Print the listing in its entirety and exactly, leaving out images.

Data segment:
▽

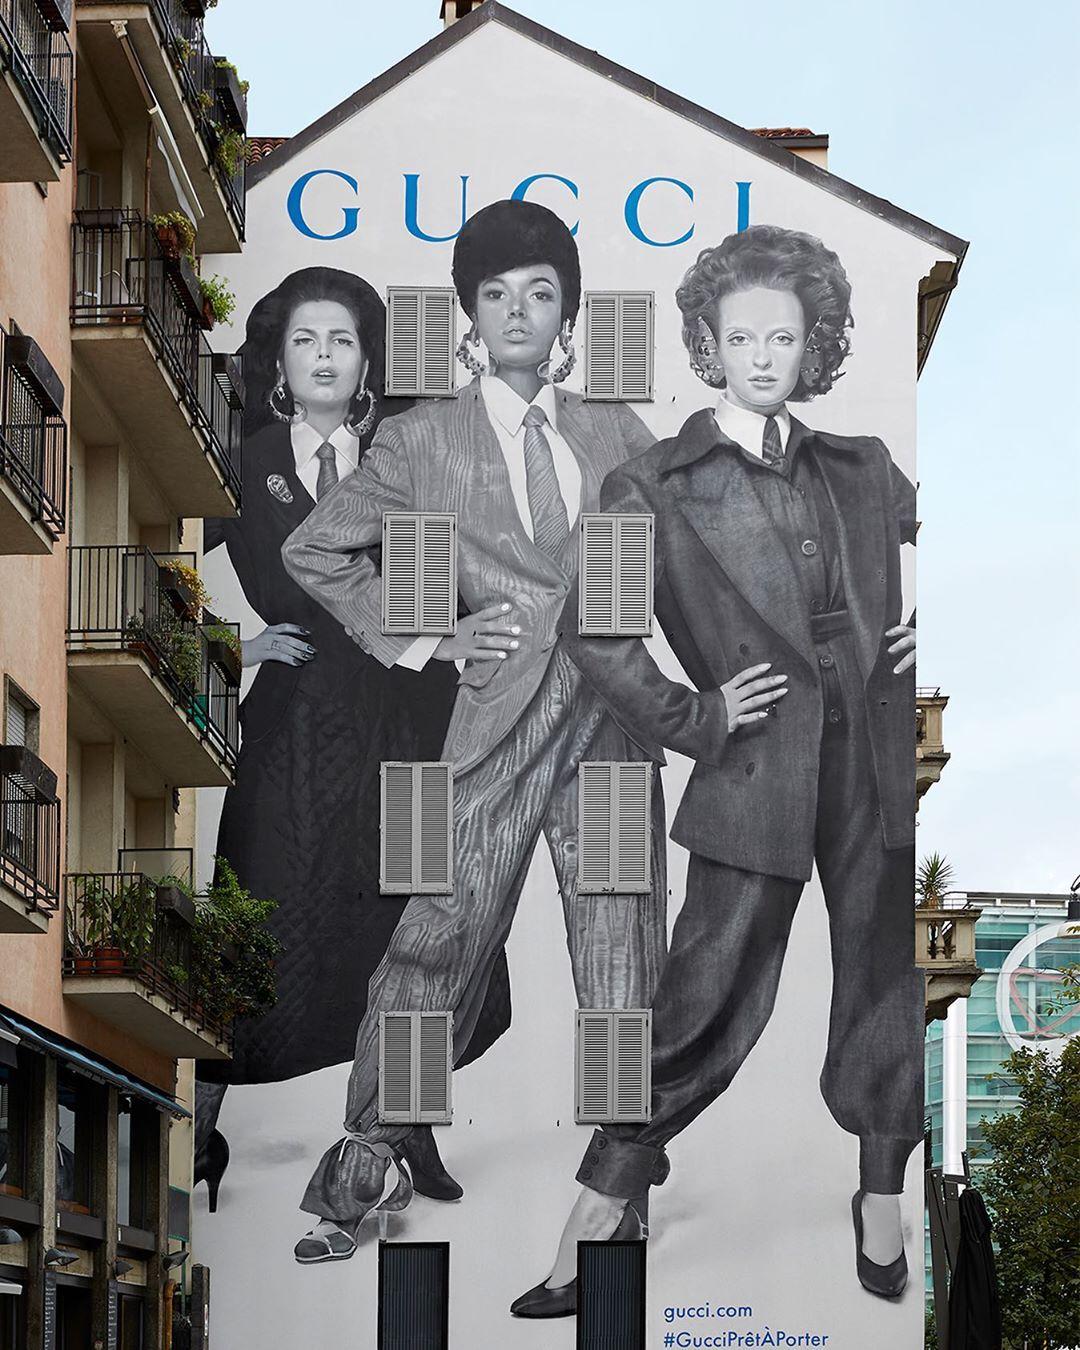 ArtWall Gucci Milano - Neomag.
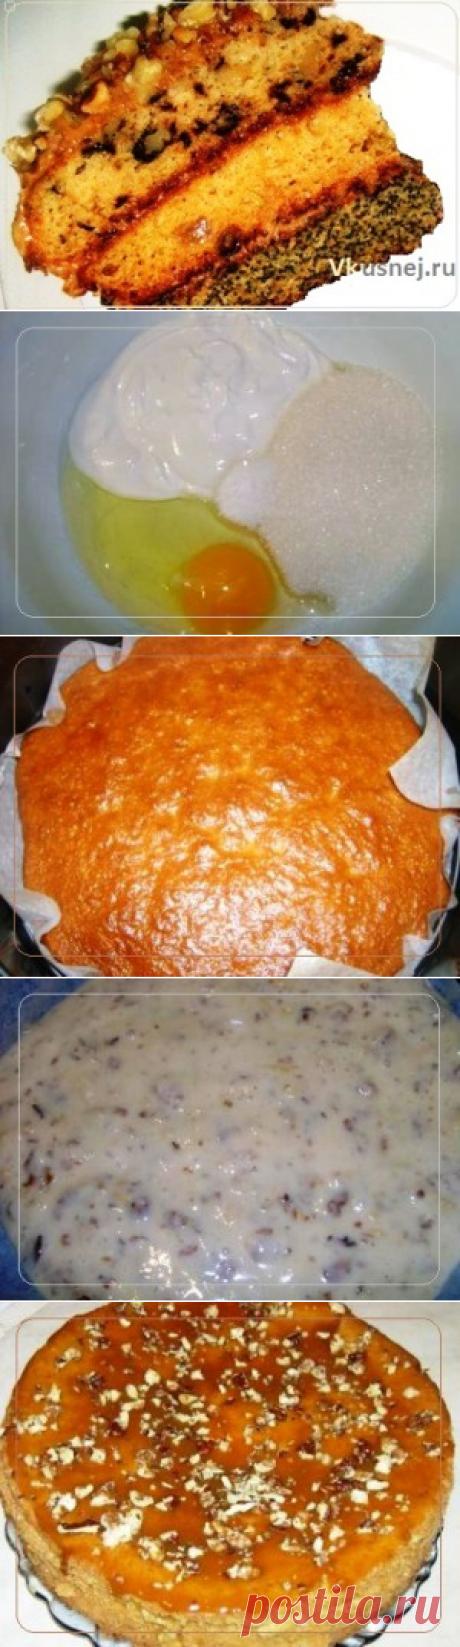 Торт «Три богатыря» | Рецепты вкусно
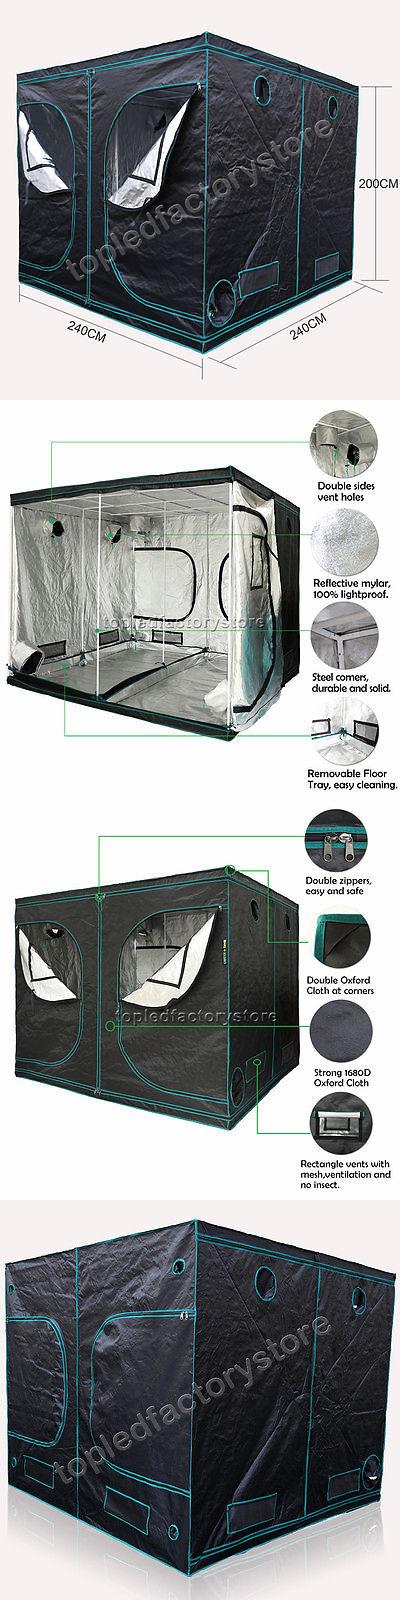 Tents Tarps and Shelves 178993 8 X8 X7 Mars Indoor Grow Tent Room Box Hut & Tents Tarps and Shelves 178993: 8 X8 X7 Mars Indoor Grow Tent Room ...
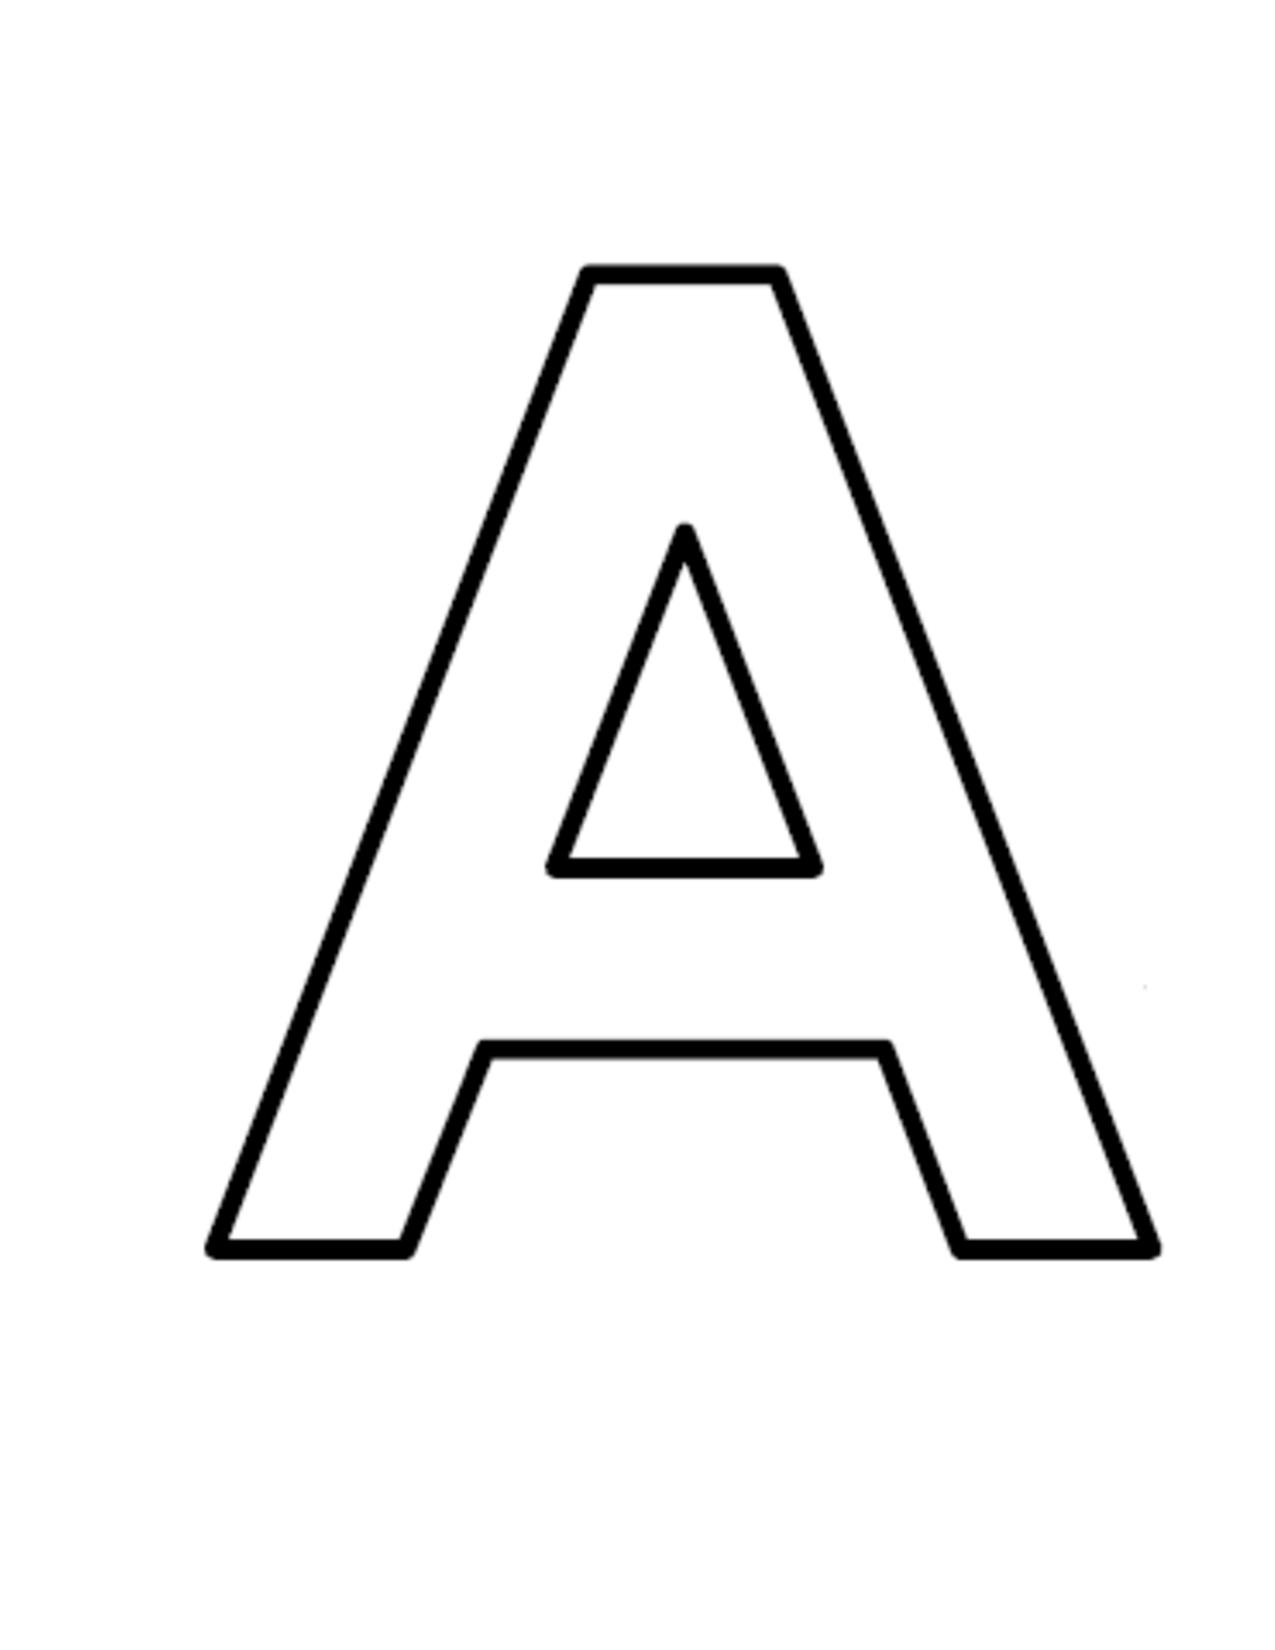 Alphabet a clipart black and white

△

Response for this exercise:
 ArtWall Gucci Milano - Neomag.
 Торт «Три богатыря» | Рецепты вкусно
 Tents Tarps and Shelves 178993 8 X8 X7 Mars Indoor Grow Tent Room Box Hut & Tents Tarps and Shelves 178993: 8 X8 X7 Mars Indoor Grow Tent Room ...
 Alphabet a clipart black and white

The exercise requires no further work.